Wednesday, May 21, 2008

The Meaning of (Marine) Life


I've always admired my best friend, Boring Best. The reason is because ever since we were kids he loved film and photography. While all kids have things they are interested in, he remained passionate about this whole medium of visual storytelling. He took classes in TV production in high school, photography and film at our local college, and attended the prestigious Tisch film school at New York University. Today, he works in this industry. He's added other skills, particularly writing, to his resume, but he continues to work in the area of telling stories with language and film. While much of what he has to do would be considered "industrial" work, he strives to bring something dramatic to the projects he's involved with.

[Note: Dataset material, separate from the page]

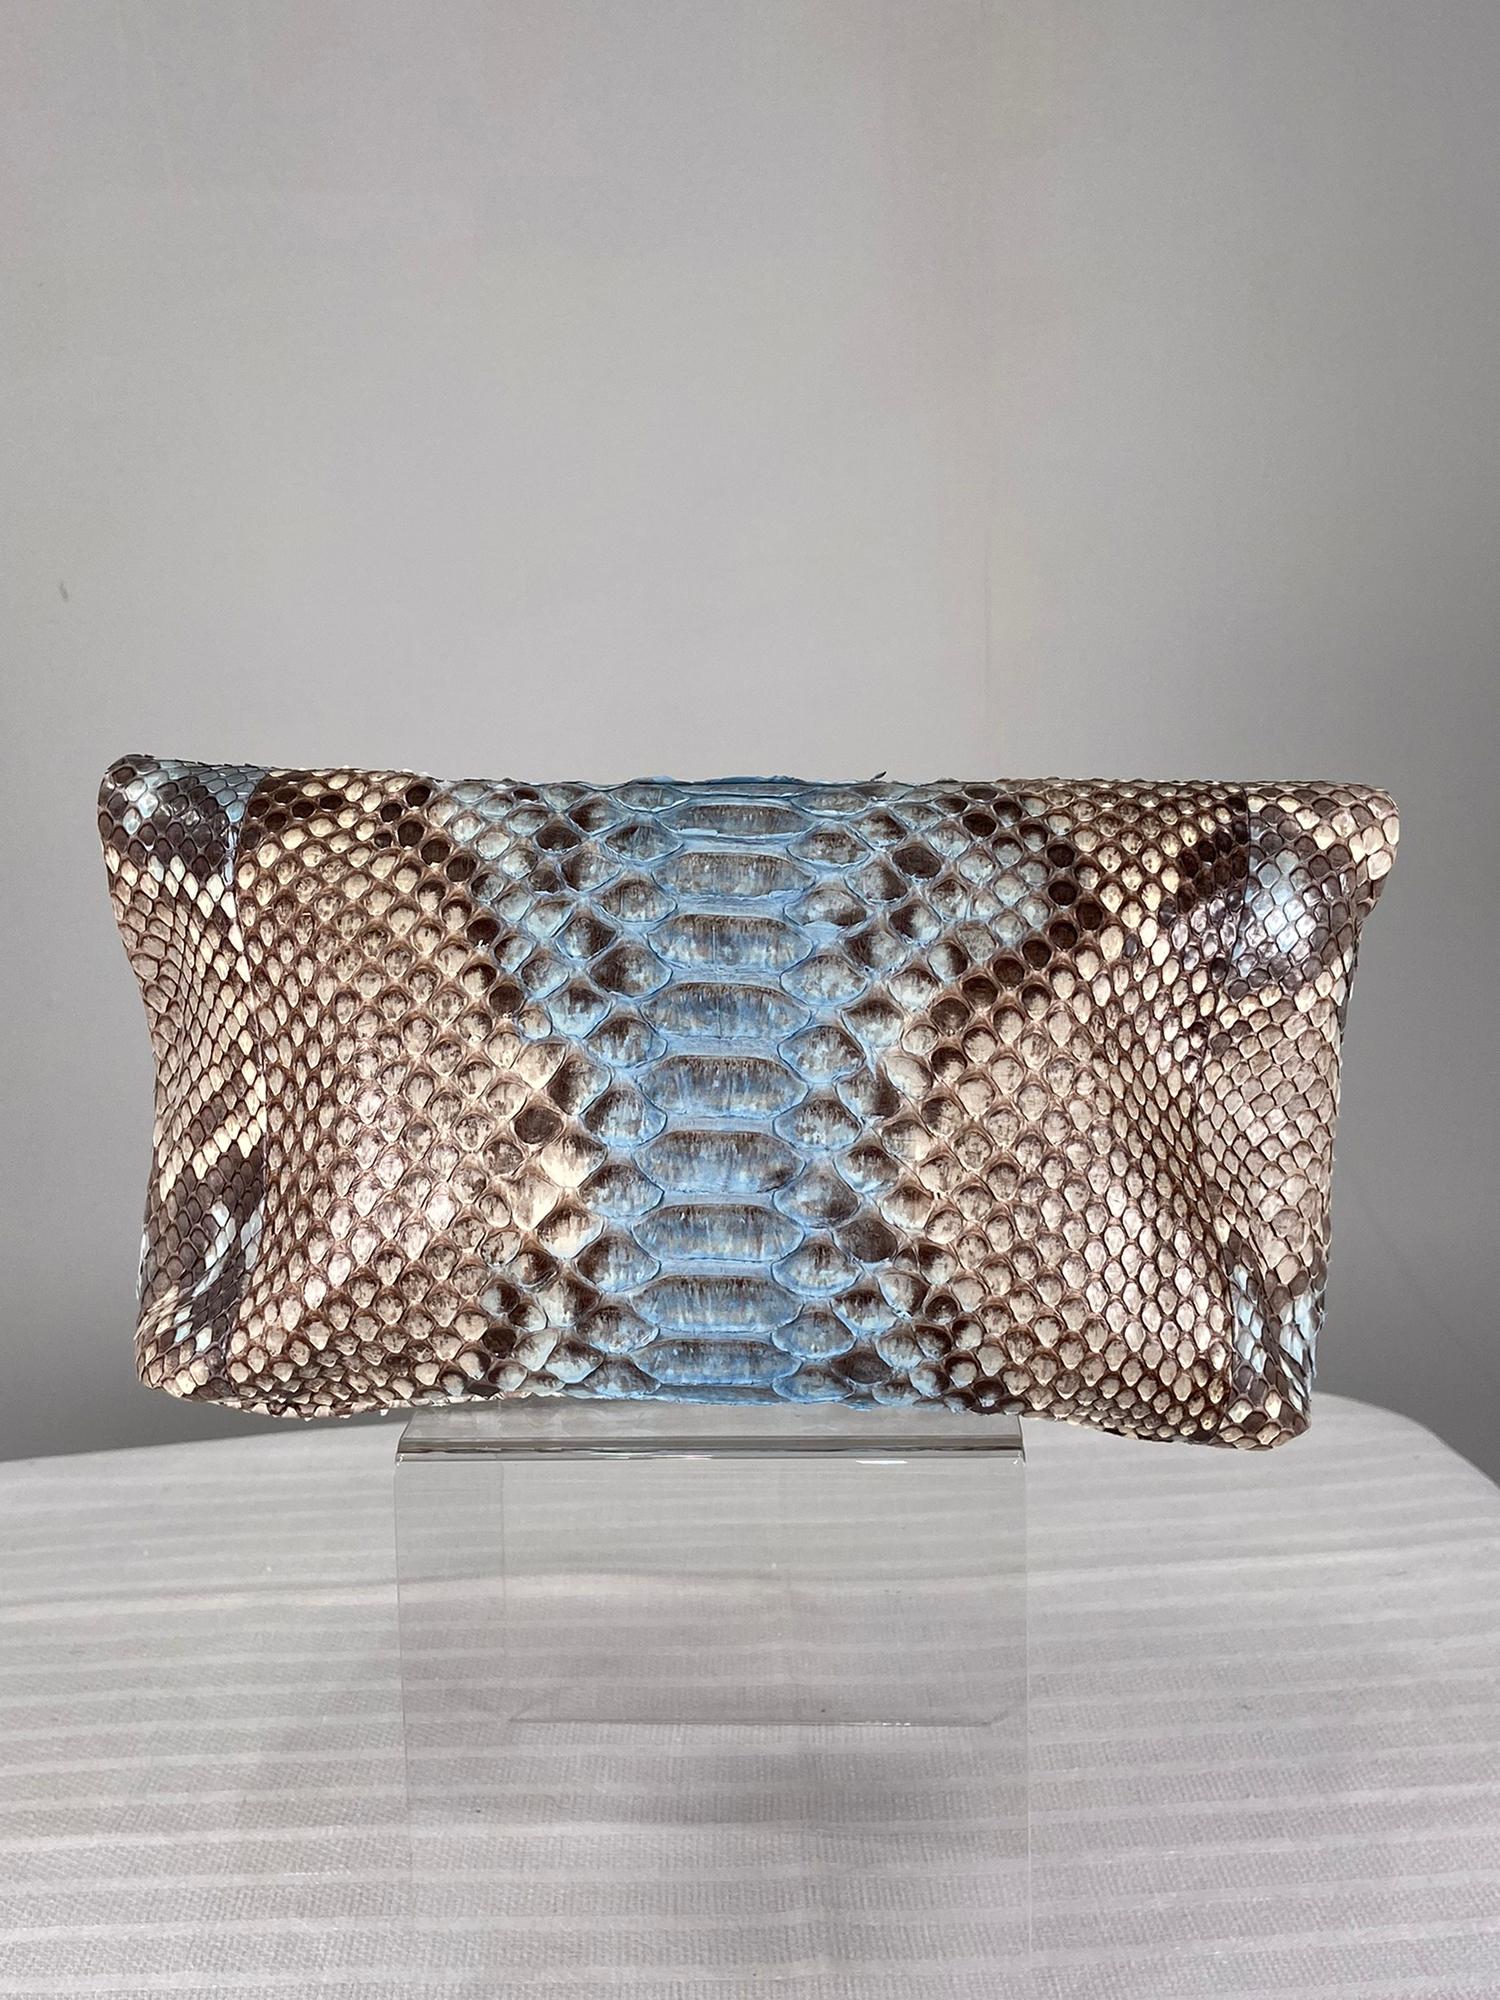 Blue & natural snakeskin fold over clutch handbag from Laurent Effel St Barth, made in Italy. Great casual bag, lined in light taupe suede. Closes with hidden magnetic snap. Perfect grab and go day bag. In excellent barely used condition.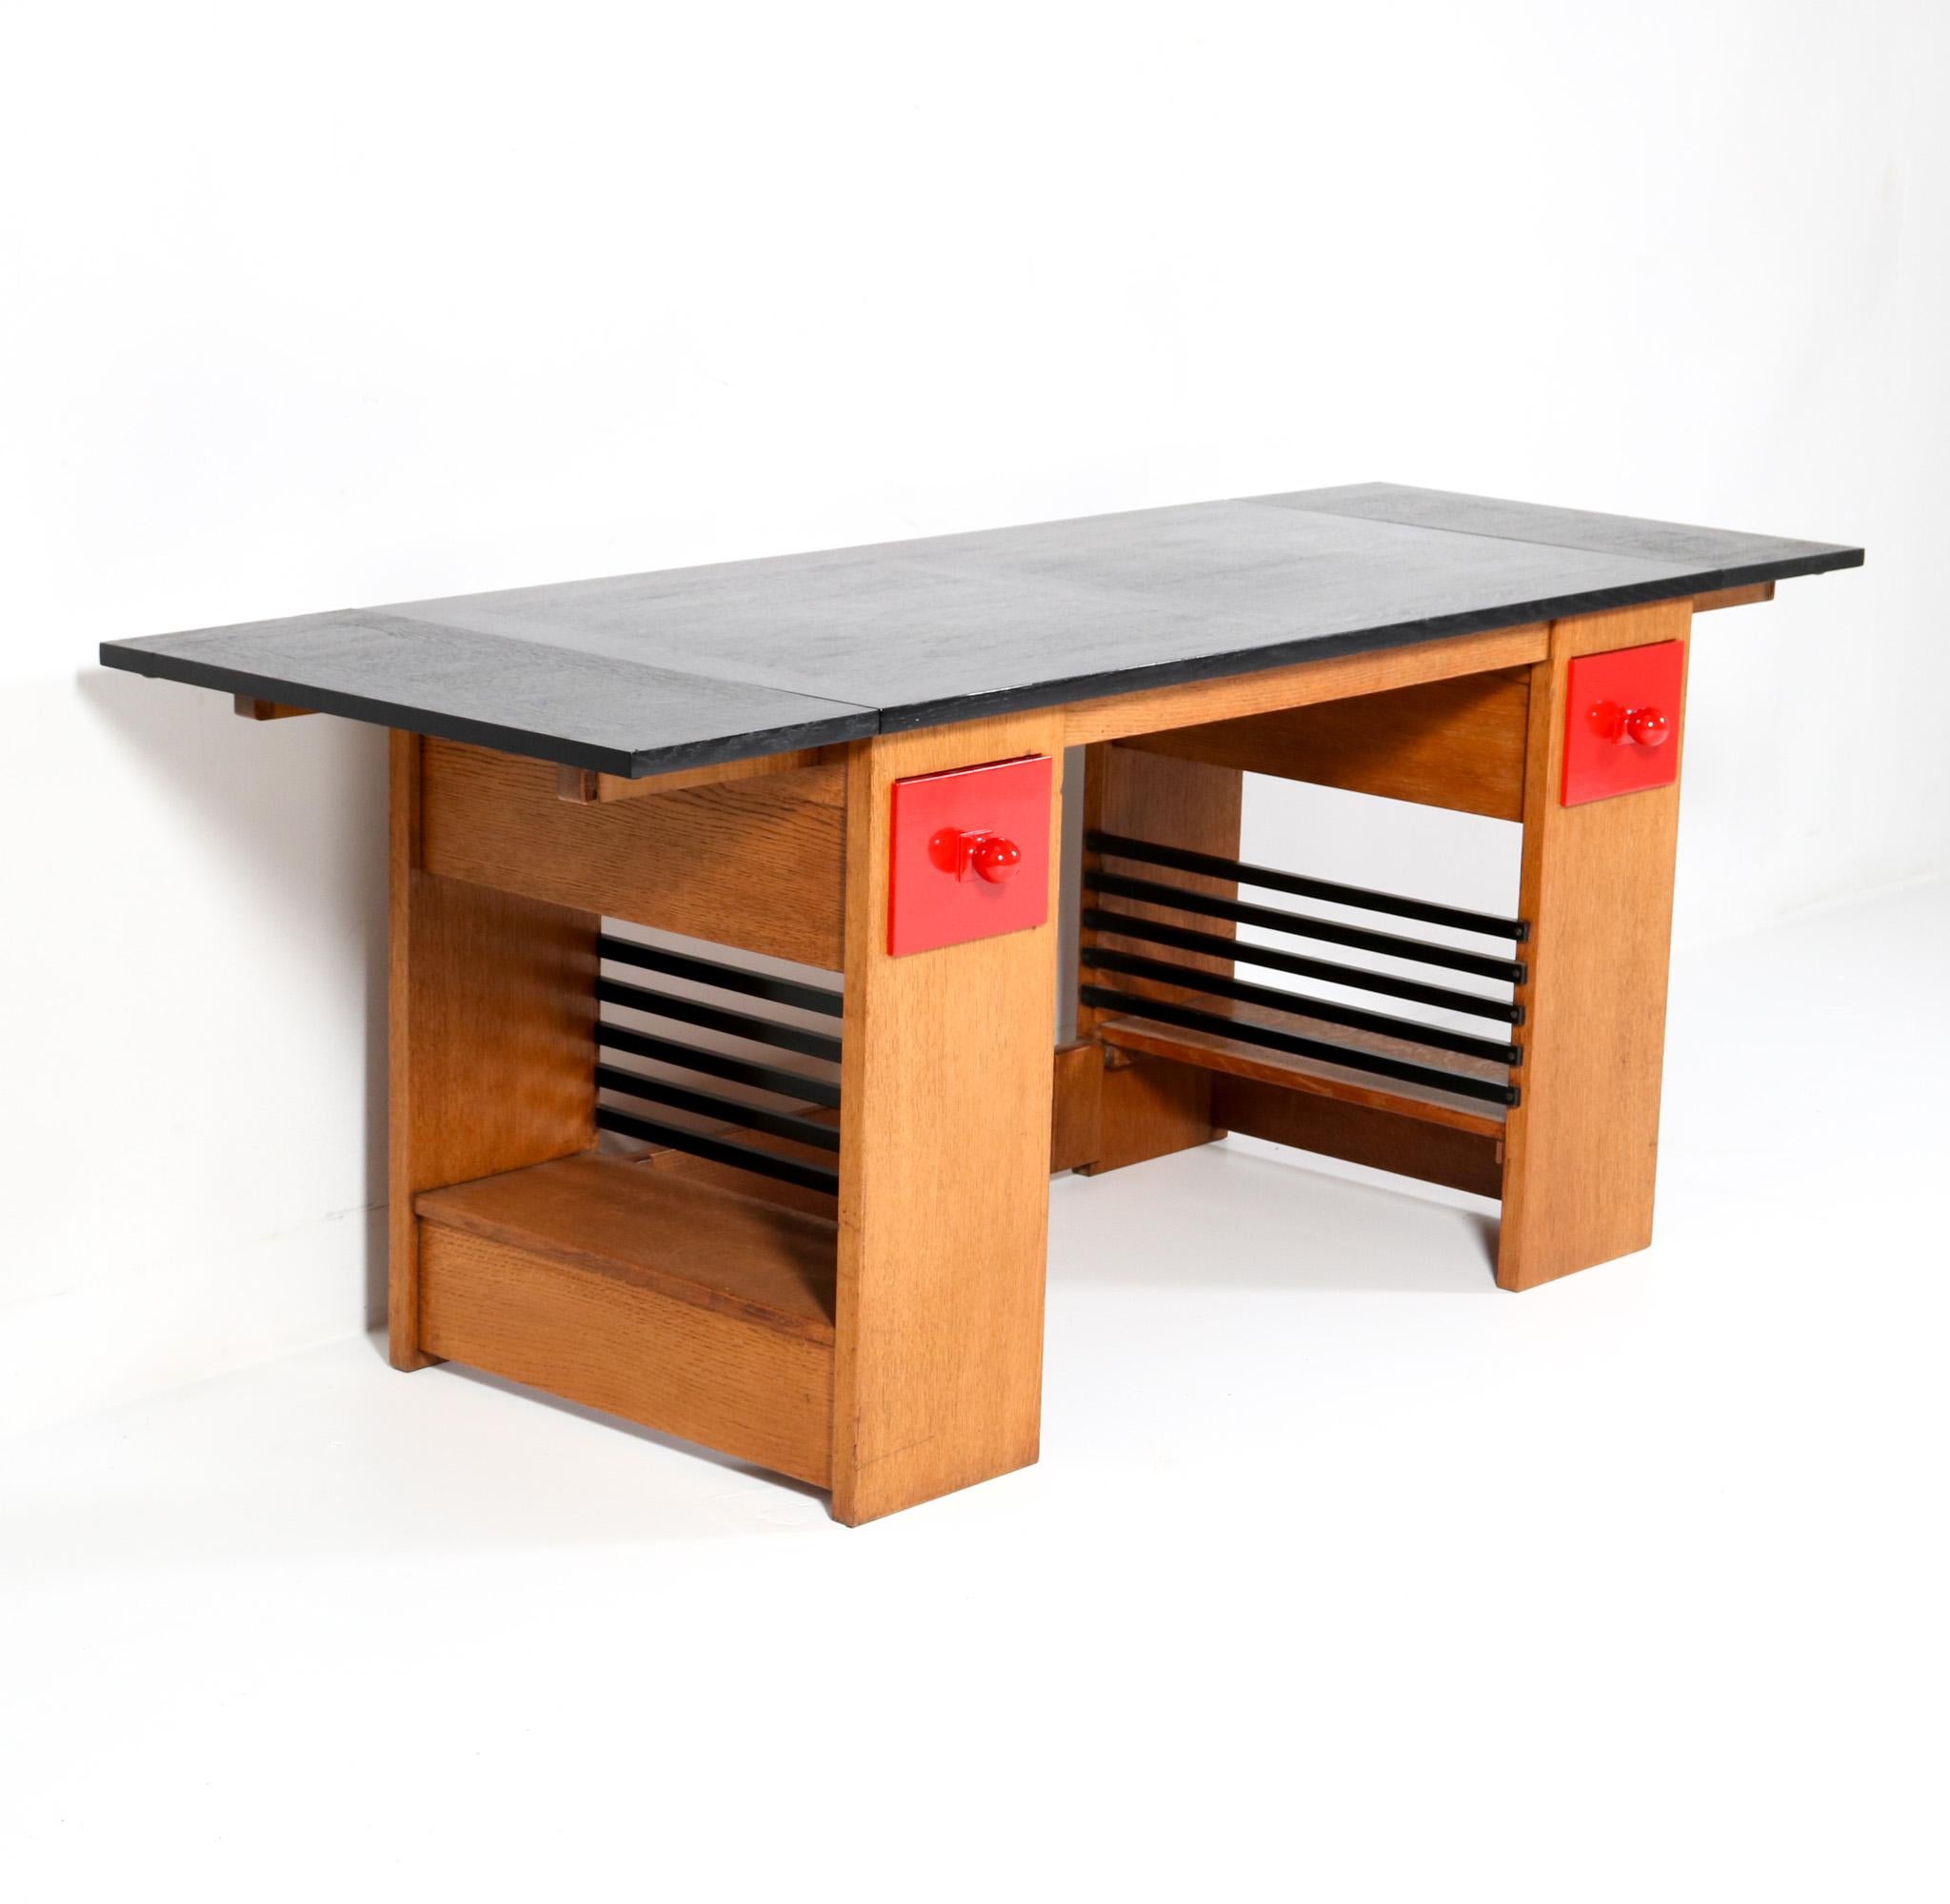 Oak Art Deco Modernist Desk or Writing Table by Hendrik Wouda for Pander, 1920s For Sale 1

The reason I admire that is because I've never had that one driving passion in my life. I've dabbled in a lot of different things. To a certain extent, I like that I've been a dilettante because I feel it's made me pretty well-rounded. I know a little bit about a lot of things.

Recently, however, I've been increasingly uneasy. The things I've most enjoyed doing in life have been various hobbies I've jumped in and out of over my life. Unfortunately, I've never really been that passionate about the things I've had to do for the majority of my waking hours, namely, my careers. I suppose you could argue that being a psychologist can be an important profession that makes a difference. While I enjoyed working with many of my clients, I don't know that I ever felt a real passion for the work. Some of my colleagues just loved being psychologists. I think some just liked being called "Doctor" but some really loved the whole idea of the job. I think I cared and I tried to help the people I saw but I never really got a lot of personal satisfaction out of it.

When I started my own company, I liked the entrepreneurial aspect of it. It was challenging to go into something with no customers, no money, and no security and try to build it. I was proud of what we accomplished but I still really didn't care all that much for the work. Now I work at one of the largest lawfirms in the country. It's a comfortable job that pays well and I like the people I work with. But again, I still find the work to a large extent, meaningless. I suppose this is an affliction of middle age but I really feel that as a reasonably bright person I should be putting whatever meager talents I have toward something more useful and more satisfying.

Lately I've been thinking a lot about marine life. I love the ocean. I love everything about the water and marine life. I particularly love sharks and cephalopods like the Giant Pacific Octopus pictured on this page. Increasingly, I think I need to do something with respect to these animals. It may be on the conservation end or maybe some other aspect like behavioral study but I think I would really enjoy that. Of course, any job in those arenas probably wouldn't pay me as well but I think I need to do something else. I'm not a person who generally wastes time on regret but I think that if I never do anything different I might actually regret it.

4 comments:

My Boring Best said...

Oh, fuck. Please don't be my third good friend to leave Ohio this year. Please!

...but if you have to, I'll still be your friend. I just will have a seething hatred inside of me every time your name is mentioned.

Fuck, fuck, fuck! You are gonna leave!!!

Mando Mama said...

When I was a little girl, really up until I was partway through high school, I wanted to be a marine biologist. It seems impossible now! But there is something truly captivating about oceans teeming with life.

Cleveland so totally lacks a good aquarium, don't you think?

MM

DrDon said...

MBB - Well, who knows? As much as I hate myself for it, it is really hard to give up a decent salary and uproot. While I've done okay on my own (6 years alone in an apartment, 5 years alone away at college) I haven't lived that far from home. This is the eternal conundrum. I don't want to leave family and friend but increasingly I feel like this area offers little to satisfy me. In the end, I'll probably just do what I'm best at - stay here and bitch and moan.

Mando - Cleveland does lack a good aquarium and the efforts to build one keep getting stalled. I see it as a perfect thing for the lakefront, like Shedd Aquarium in Chicago. But it will only work if it is part of a larger lakefront development program because unless you can bring in tourists, local support will never be enough to sustain the facility. I don't think I could be a marine biologist either but I do think that my psych degree and experience with rat training and testing might help me land something.

My Boring Best said...

Oh, you know I'd support you if you decided to leave. Finding some purpose to this existence of ours is what drives my decision making anyway.

I just don't want you to leave. But then, I'm being a big, stupid, fat-head baby.